У Борхеса есть новелла «Пьер Менар, автор “Дон Кихота”», рассказывающая об одном человеке – старшем современнике Борхеса, – слово в слово переписавшем «Дон Кихота». Рассказ Борхеса построен на сопоставлении двух романов – рассказчик находит в них бездну филологических и содержательных отличий. Естественно, они ведь написаны в разное время, в разных странах, людьми с разным опытом, с разной интенцией. Текст не существует сам по себе – он существует только в контексте.
Конечно, коллекция Фейгина не совпадает с коллекциями его предшественников, хотя отдельные совпадения неизбежны. Важно другое: в отличие от Бубера и Визеля, Фейгин – раввин и хасид, он – естественная часть мира, который рассказывает в этой книге сам о себе. Поначалу я недоумевал: почему нет вступительной статьи, комментариев? Что стоило бы Фейгину их написать? Ведь, сверх того, он еще и доктор филологии. Потом понял: чтобы это сделать, необходимо хотя бы мысленно дистанцироваться от предмета. А он не хотел дистанцироваться (даже мысленно), не хотел превращать свой мир в объект анализа, не хотел выступать в отношении его как исследователь. Хасидский мир говорит о себе сам – вместе с ним говорит и Фейгин.
В автобиографии Агаты Кристи есть размышление о людях, которые жалуются, что Всевышний не отвечает на их молитвы. «Они заблуждаются, – говорит Агата Кристи, – Он отвечает, Он внятно говорит: “Нет!”» Для детективной леди довольно неожиданно, скорей уж можно было бы ожидать такого от Честертона...
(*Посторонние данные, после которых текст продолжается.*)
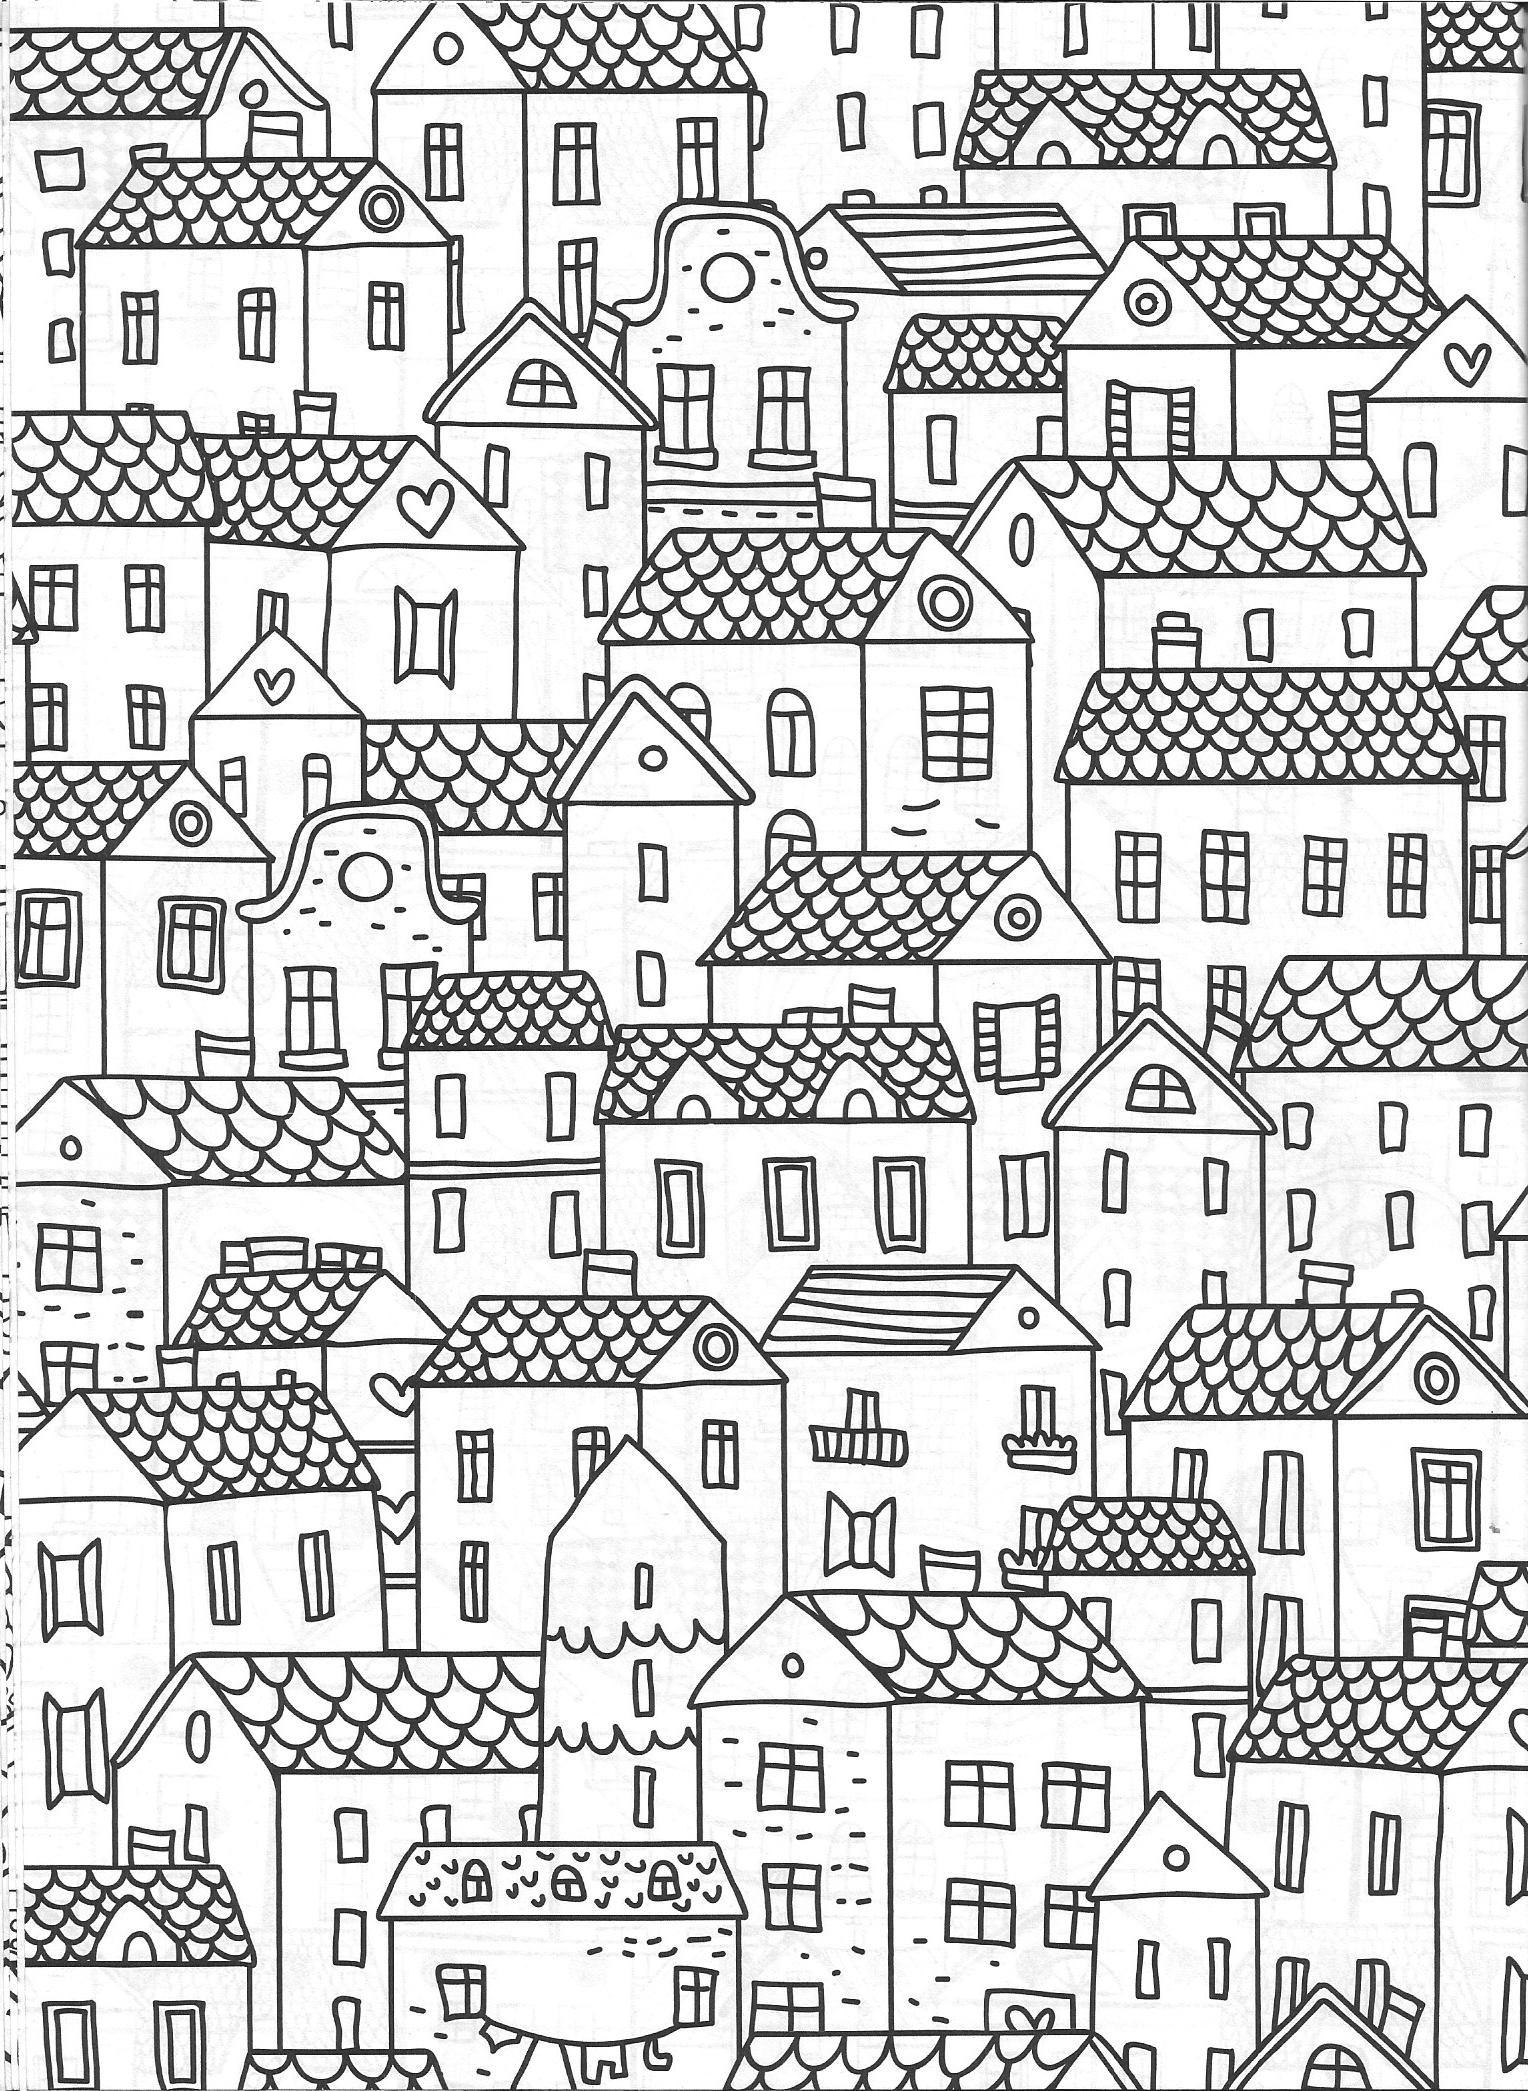 Cityscape Coloring Page Vida Simples Cidade Dos Sonhos Coloring Pages Ink Doodles Colouring Pages

«Жил в Польше один коммерсант. Был он хасид и ездил на праздники к рабби Элимелеху в Лиженск. Дела его шли всё хуже, и однажды он пожаловался ребе:
– Я изо дня в день молюсь об успехе моих предприятий. Отчего же Всевышний не отвечает на мои молитвы?
– Он ответил, – произнес ребе. – Он ответил на твои молитвы: “Нет!”»
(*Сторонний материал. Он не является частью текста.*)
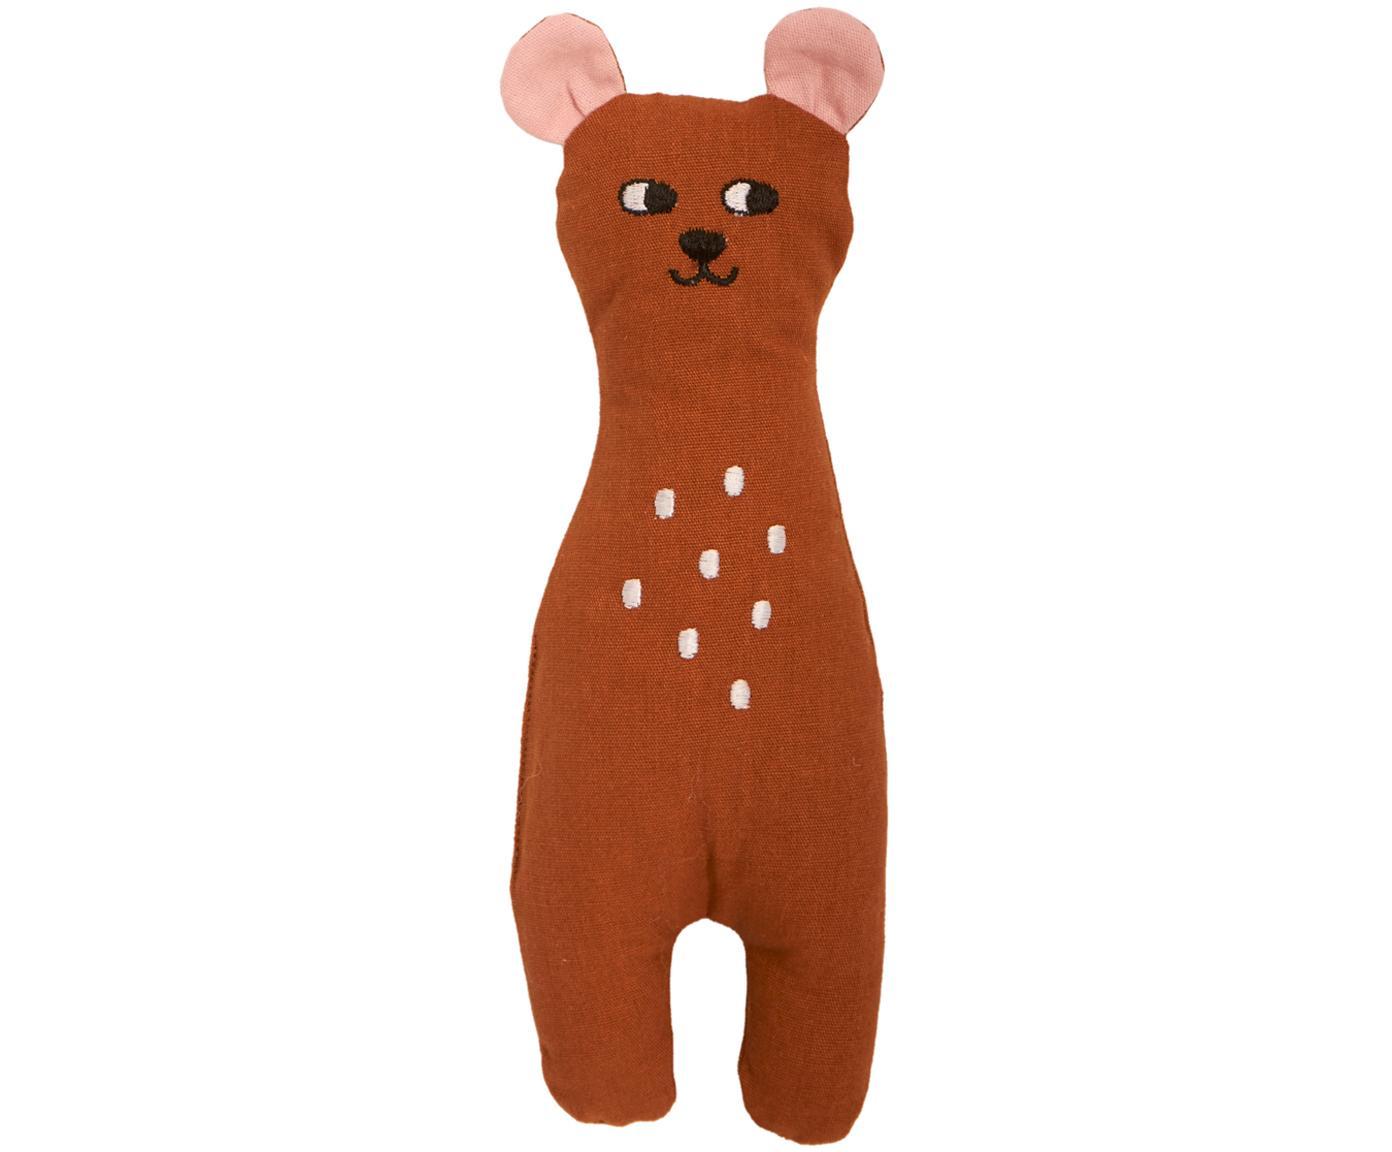 Peluche de algodón ecológico Bear, Marrón, An 8 x Al 25 cm

Конечно, Агата Кристи совпадает здесь с Элимелехом. Симпатичное совпадение. Во всяком случае, я был рад, увидев этот текст в собрании Фейгина, – я счел, что он адресован нам… с Агатой Кристи, то есть он адресован также и вам, но мне и Агате Кристи чуть в большей мере. Однако не обошлось без парадокса Пьера Менара. У Агаты Кристи это некое обобщенное суждение, жизненная мудрость, не относящаяся ни к кому конкретно и в то же время ко всем.
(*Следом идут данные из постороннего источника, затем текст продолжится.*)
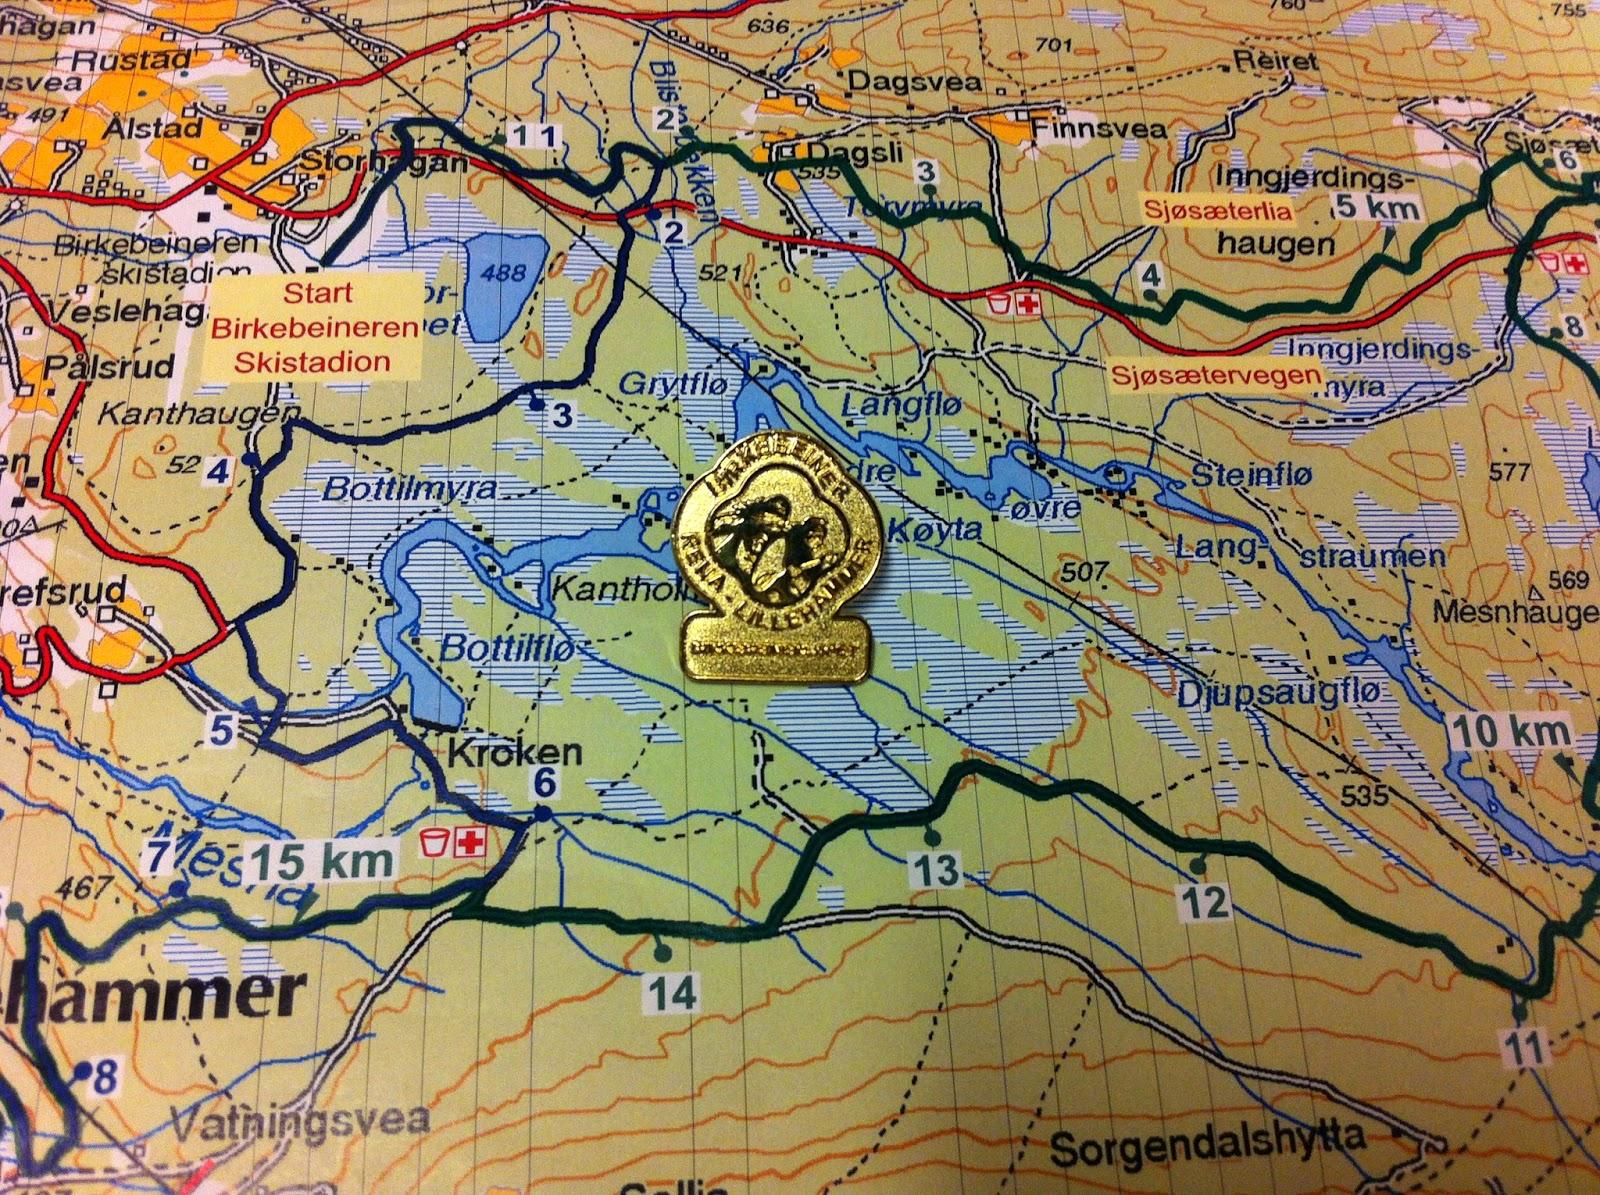 birkebeinerløypa kart Gulljakt i Birkebeinerløypa | moromedkondis : )

Рассказ, приведенный Фейгиным, – это маленькая новелла с определенными героями, с заданным хронотопом: мы знаем, где жил Элимелех, знаем, когда он жил (он умер в самом начале ХIХ века). Элимелех – один из самых популярных героев хасидских рассказов. Неудачливый коммерсант (второй персонаж) – типичная еврейская социальная роль (в указанное время и в указанном месте). Элимелех в молодости был беден, потом разбогател, хотя к деньгам никогда не стремился. Замысел Всевышнего о коммерсанте не совпадает с пониманием жизни самого коммерсанта. Б-г преграждает ему ложный путь. Для Элимелеха это совершенно очевидно, для коммерсанта, отождествляющего жизненный успех с успехом коммерческим, – совсем нет. Проявление заботы свыше он воспринимает как неудачу. Точнее, он вообще не ощущает этой заботы и страдает от ее отсутствия.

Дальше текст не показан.